Собрав волю в кулак, я заставила непослушное тело сменить позицию: я села, перекинула часть волос вперёд и обхватила колени руками. При этом я заметила, что всё-таки не совсем обнажена — на мне были лаковые космические «Джимми Чу» из прошлой жизни. Не успела я осмыслить нелепую игру магии, обрядившую меня в самый бесполезный на данный момент предмет на свете, как меня вдруг затрясло. Озноб зародился где-то в глубине тела и начал выбираться наружу, захватывая всё моё существо.
— П-плед д-дай, — хрипло, не с первой попытки смогла произнести я и отчаянно застучала зубами: холод усиливался.
Кайлеан Карагиллейн моргнул, закрыл рот, выражение его лица переменилось на осмысленное, и он накинул на меня приготовленный плед. Я закуталась, но помогло это мало — меня продолжало трясти от холода, который, казалось, только усиливался. Более того, что-то неладное было со зрением — нечто, напоминающее морозные узоры на стекле, наползало с периферии и сужало обзор.
— Как вы себя чувствуете? — тревожно спросил Кайлеан. По его отрывистому тону стало понятно — что-то пошло не так.
— П-п-плох-хо, — с трудом выговорила я и продолжила лязгать зубами. — Х-холодно… п-плохо в-вижу…
Белая слепота надвигалась, и сознание начало мутиться. Кто-то бесцеремонный стал трясти меня за плечи и злым, очень злым голосом восклицать:
— Сколько тебе лет? Сколько тебе на самом деле лет?
Сквозь пургу, заметающую рассудок, я улыбнулась этому нервному кому-то и, чтобы подбодрить его, решила поделиться одной театральной историей, которую мне рассказывала мама. Знаменитая французская актриса Сара Бернар должна была исполнить роль восемнадцатилетней Жанны д'Арк, хотя самой Бернар на тот момент было за пятьдесят. В пьесе был момент, где Жанну спрашивают о возрасте, и она отвечает. Весь Париж собрался на премьеру, готовясь освистать стареющую знаменитость. Когда настал всеми ожидаемый момент, и партнёр актрисы задал вопрос «Сколько тебе лет, дитя моё?», зал затаил дыхание в предвкушении. Сара Бернар, безусловно знавшая о готовящемся скандале, выпрямилась, расправила плечи, обвела притихший зал гордым взглядом и с вызовом, с неоспоримой уверенностью бросила в лицо зрителям непоколебимое: «Мне восемнадцать!» У актрисы получилось произнести эту фразу так, что все единодушно вскочили с места и наградили Бернар бурными овациями, хотя изначально планировали освистать её игру.
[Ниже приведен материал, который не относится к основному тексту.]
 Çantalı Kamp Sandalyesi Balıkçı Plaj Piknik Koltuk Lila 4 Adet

Казалось, я с блеском поведала театральный анекдот и весьма изящно обозначила свой истинный возраст, но меня почему-то продолжали трясти за плечи и орать «сколько тебе лет, сколько тебе лет», как будто никто ничего не слышал.
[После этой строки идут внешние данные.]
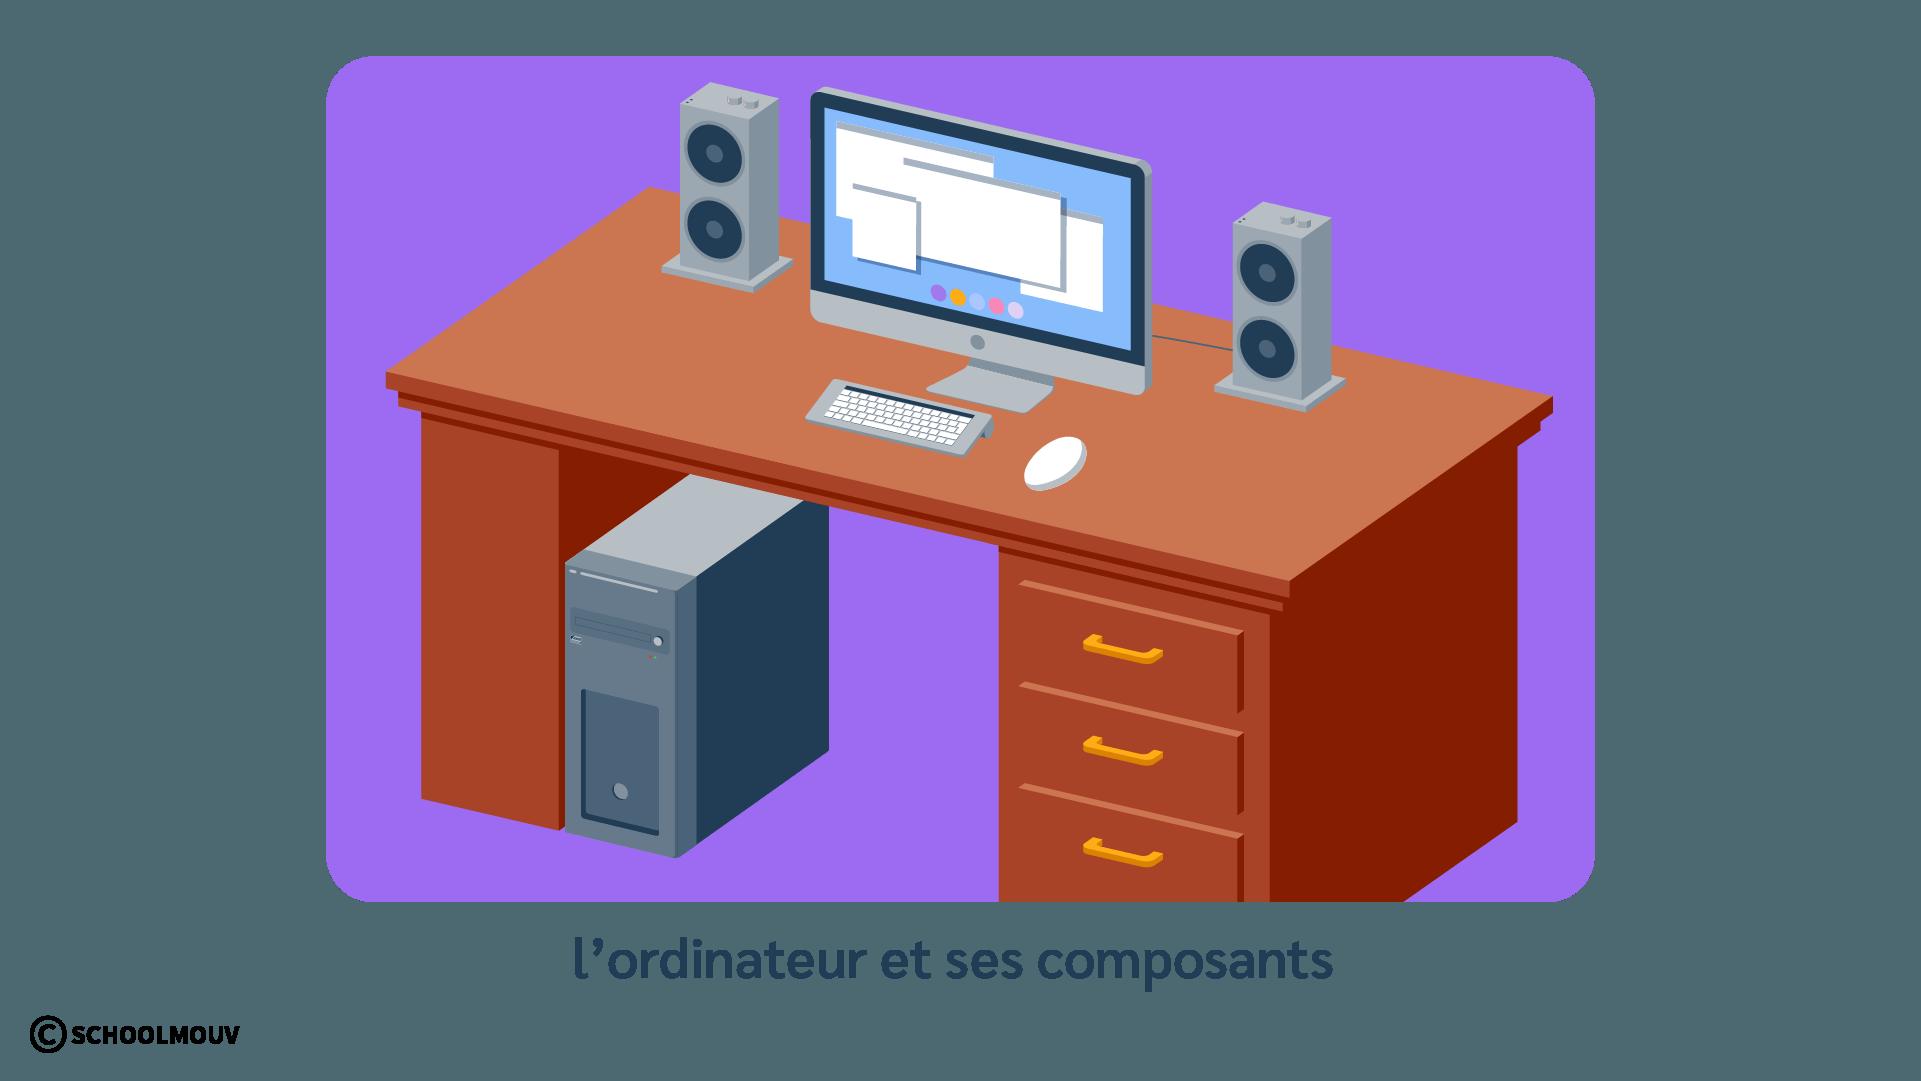 Bureau - Ordinateur - Composants - Clavier - Souris - Enceintes - Écran - SchoolMouv - Sciences - CP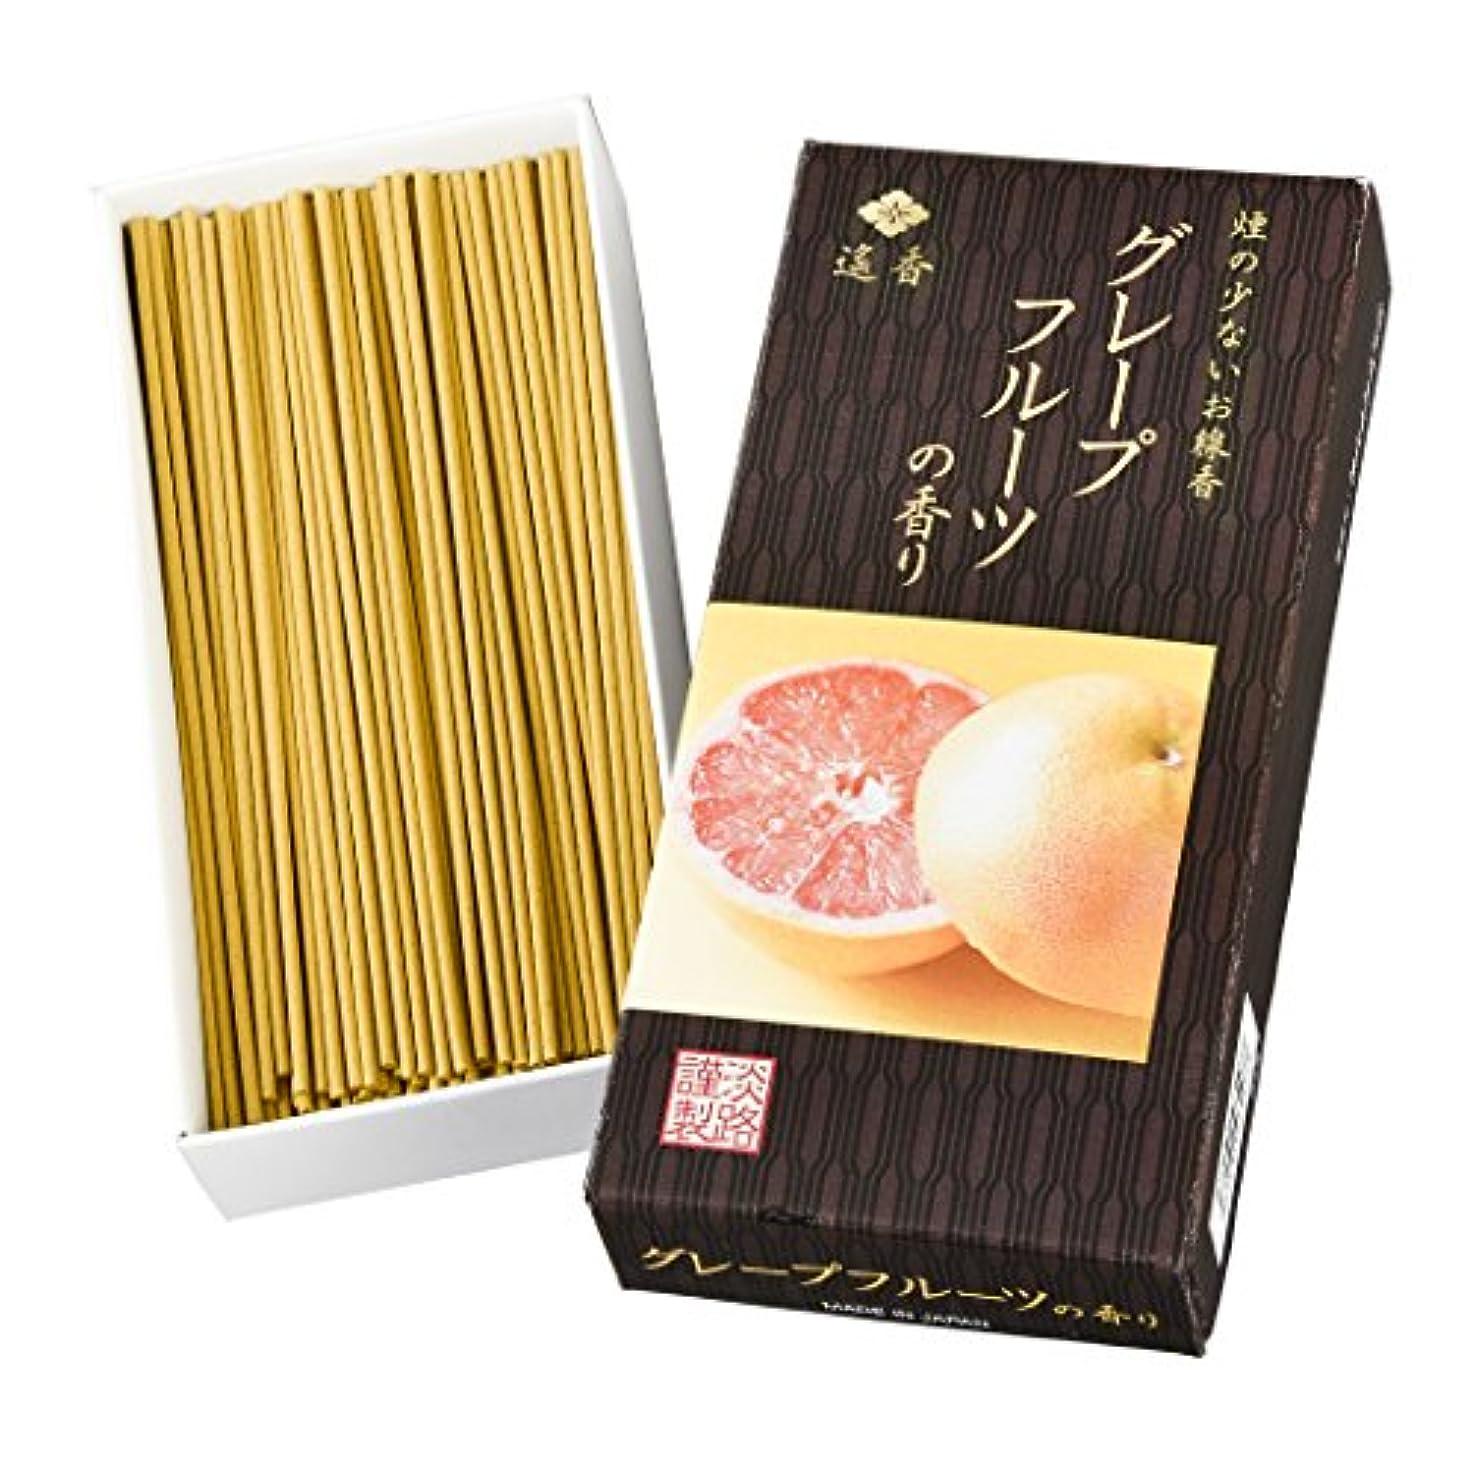 哺乳類リボン振りかける良生活 遙香 グレープフルーツの香り 3個

Ну и глупо. А по-моему, история была отличной.
Чтобы от меня отстали, я решила повторить красивый ход Сары Бернар, гордо выпрямилась, но дальше, кое-как совладав с трясущимися челюстями, я сумела только очень некрасиво — под клацанье собственных зубов — выдавить из себя «м-мне в-в-восемнадцать…» и услышала, как кто-то отчаянно ругается на древнеегипетском. Это был тот самый язык, на котором ругался Мартин после неудачной попытки меня поцеловать. По крайней мере, без конца звучало что-то вроде «Хатшепсут! Хатшепсут! Хатшепсут!»
Не было никакой Прибалтики, подумала я. Мартин тоже был из Ада. Что они, адские, все ко мне прицепились — одни убивают, другие трясут и орут…
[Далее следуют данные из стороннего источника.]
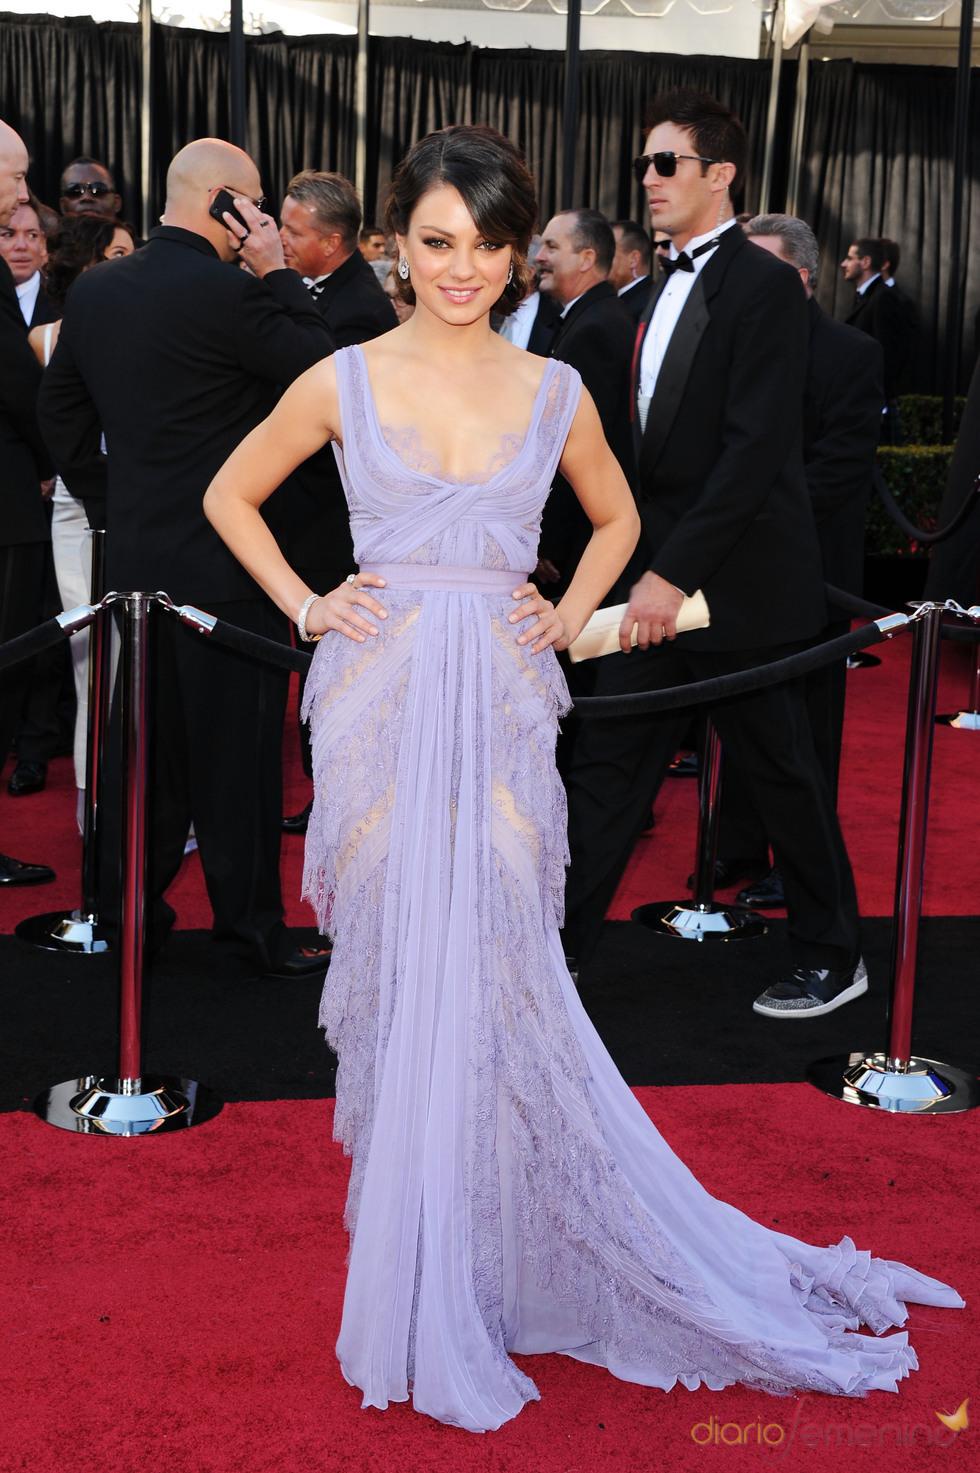 Mila Kunis en la alfombra roja de los Oscars 2011

Потом сошла снежная лавина и погребла под собой всё.
Сознание вернулось внезапно, как будто в ночной мгле включили свет.
Я быстро произвела ревизию ощущений: жива, лежу на кровати в комнате Кайлеана, одетая и накрытая. Чувствовалась слабость, но по сравнению с тем, что было раньше, состояние можно было считать сносным. Зрение тоже восстановилось, я ясно различала каждую мелкую трещину на потолке.
Никогда в жизни я не видела более красивых трещин. Потолок был прекрасен, и жизнь в человеческом теле была прекрасна.
Потом слева пришло знакомое ощущение чего-то беспокоящего.
Повернув голову, я встретилась взглядом с моим сокамерником. Он сидел в кресле, придвинутом к кровати, рядом стоял стул, на котором были расставлены какие-то банки с разноцветными жидкостями, чашки, стаканы.
Некоторое время мы молча созерцали друг друга.
Вид у Кайлеана был ещё тот. Осунувшийся, небритый, с покрасневшими глазами и всклокоченными волосами, он глядел на меня с мрачным выражением не то крайней досады, не то какой-то антипатии. Однако человеческим взглядом я не могла не отметить то, что ранее было недоступно кошке: Их Высочество были очень даже ничего, даже в нынешнем состоянии. Какая-то неуловимая изюминка делала его неидеальную внешность крайне привлекательной. И ещё Кайлеан показался мне моложе, чем казалось кошке, а стало быть, обрадовалась я, нам будет легче найти общий язык.
Словом, я решила, что Их Высочество тоже прекрасны, и теперь, когда мы наконец встретились лицом к лицу, настала пора выводить наши отношения на новый уровень — уровень гармоничного и мирного сосуществования двух интеллигентных людей.
Я повернулась набок, подложив руку под щёку, и миролюбиво улыбнулась.
— Привет, — сказала я.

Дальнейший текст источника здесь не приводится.